Source data:
=-=-=
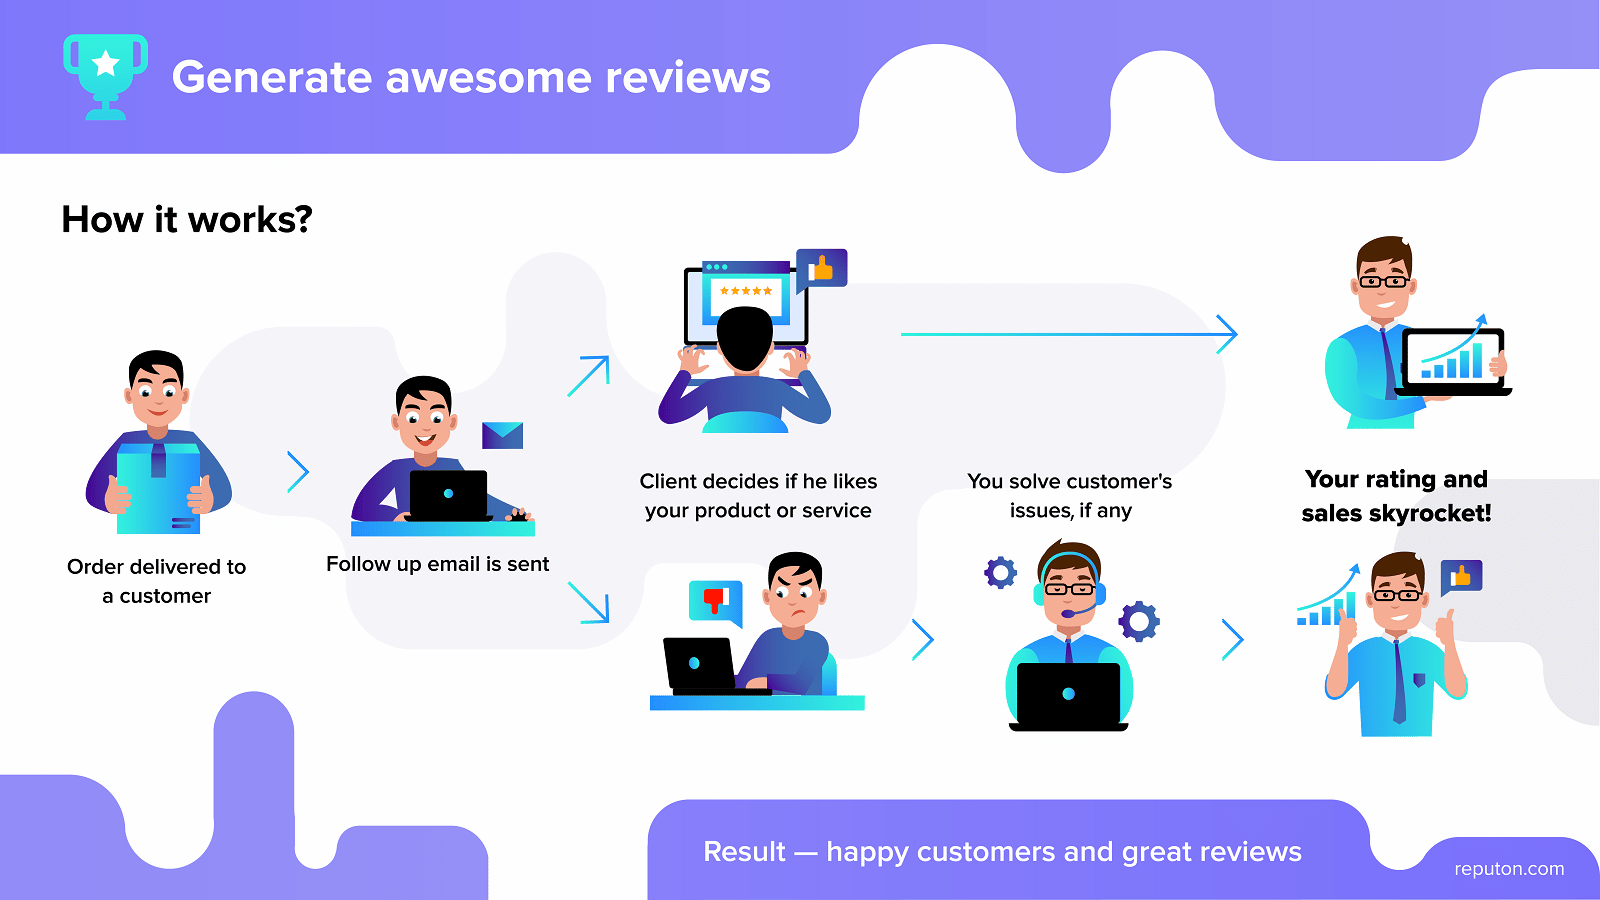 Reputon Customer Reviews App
=-=-=
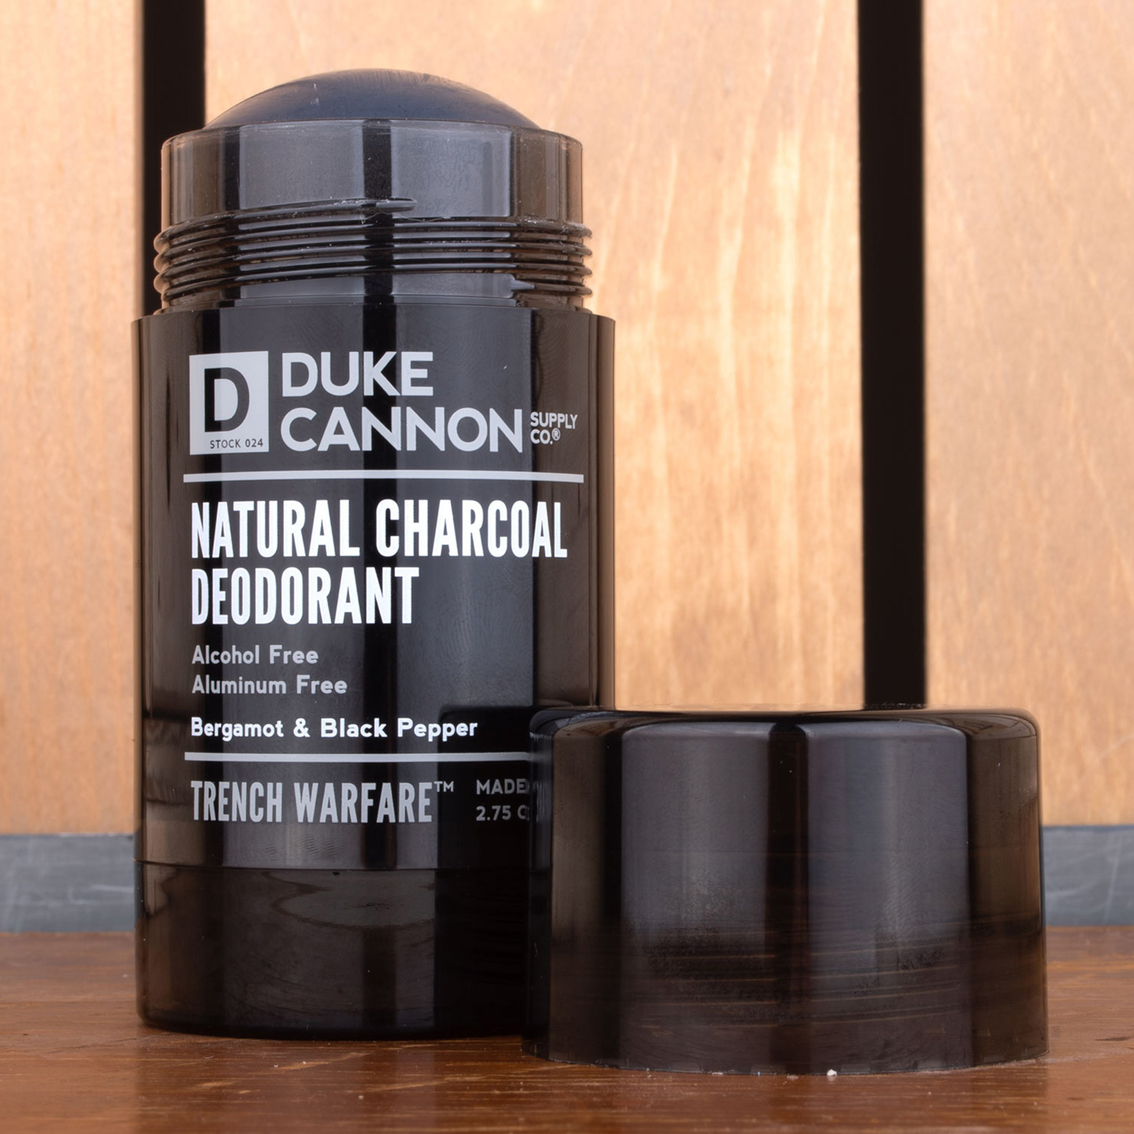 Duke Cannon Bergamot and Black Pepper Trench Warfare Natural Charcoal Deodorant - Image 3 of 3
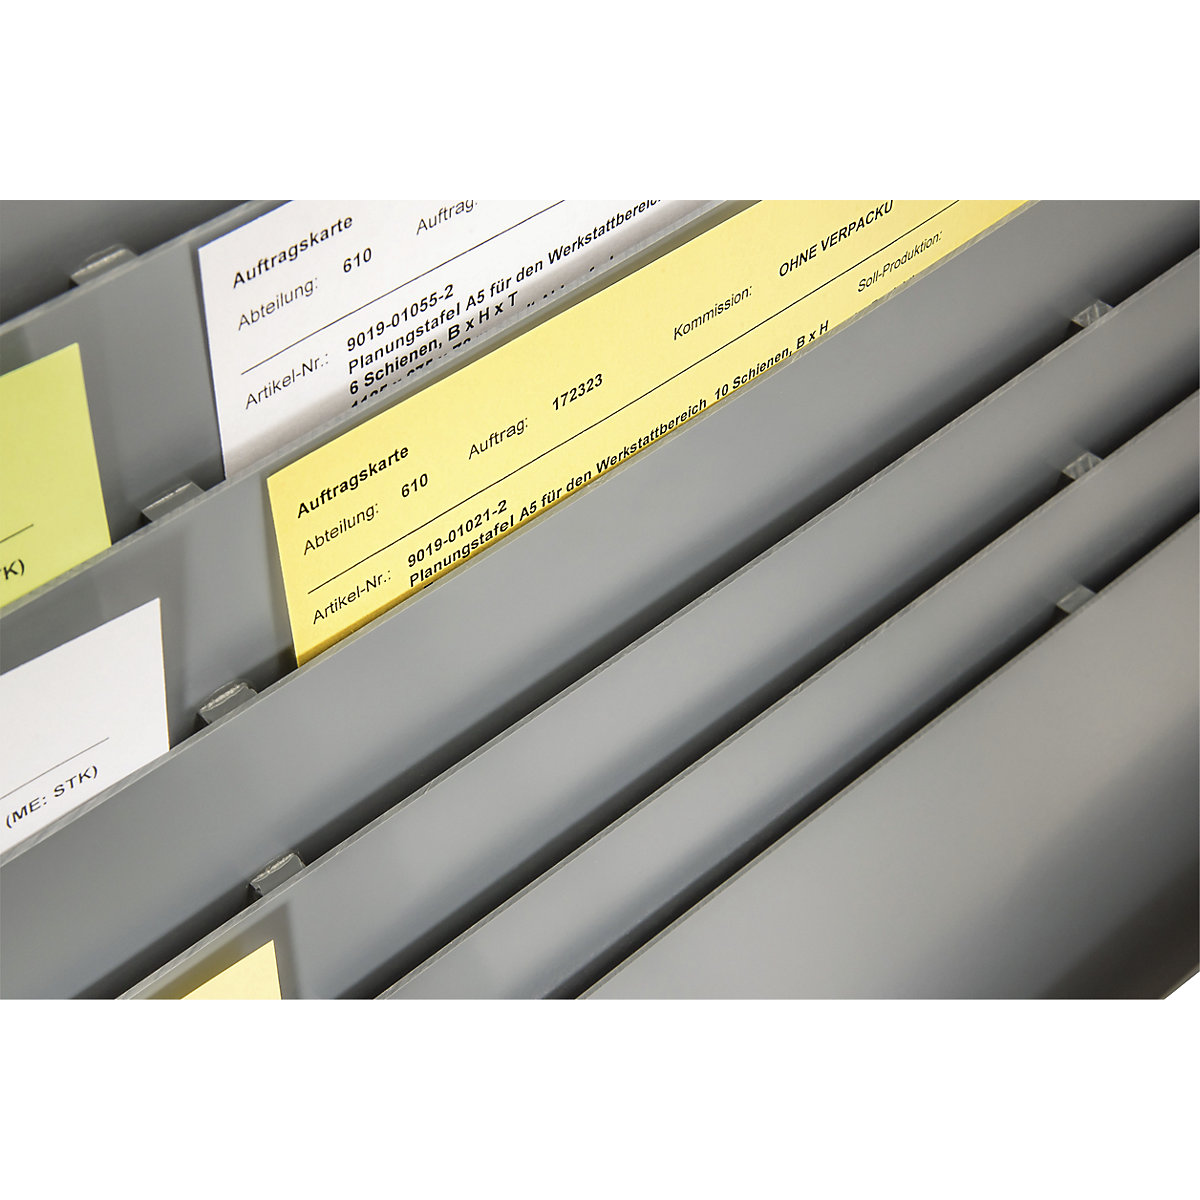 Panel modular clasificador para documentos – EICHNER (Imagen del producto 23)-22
=-=-=
Exercise brief: An exact copy of the lines above from the one with "Duke Cannon Bergamot" up to and including the one with "Panel modular clasificador" is required; reproduce only those lines, omitting all pictures.

Task output:
 Duke Cannon Bergamot and Black Pepper Trench Warfare Natural Charcoal Deodorant - Image 3 of 3
 Panel modular clasificador para documentos – EICHNER (Imagen del producto 23)-22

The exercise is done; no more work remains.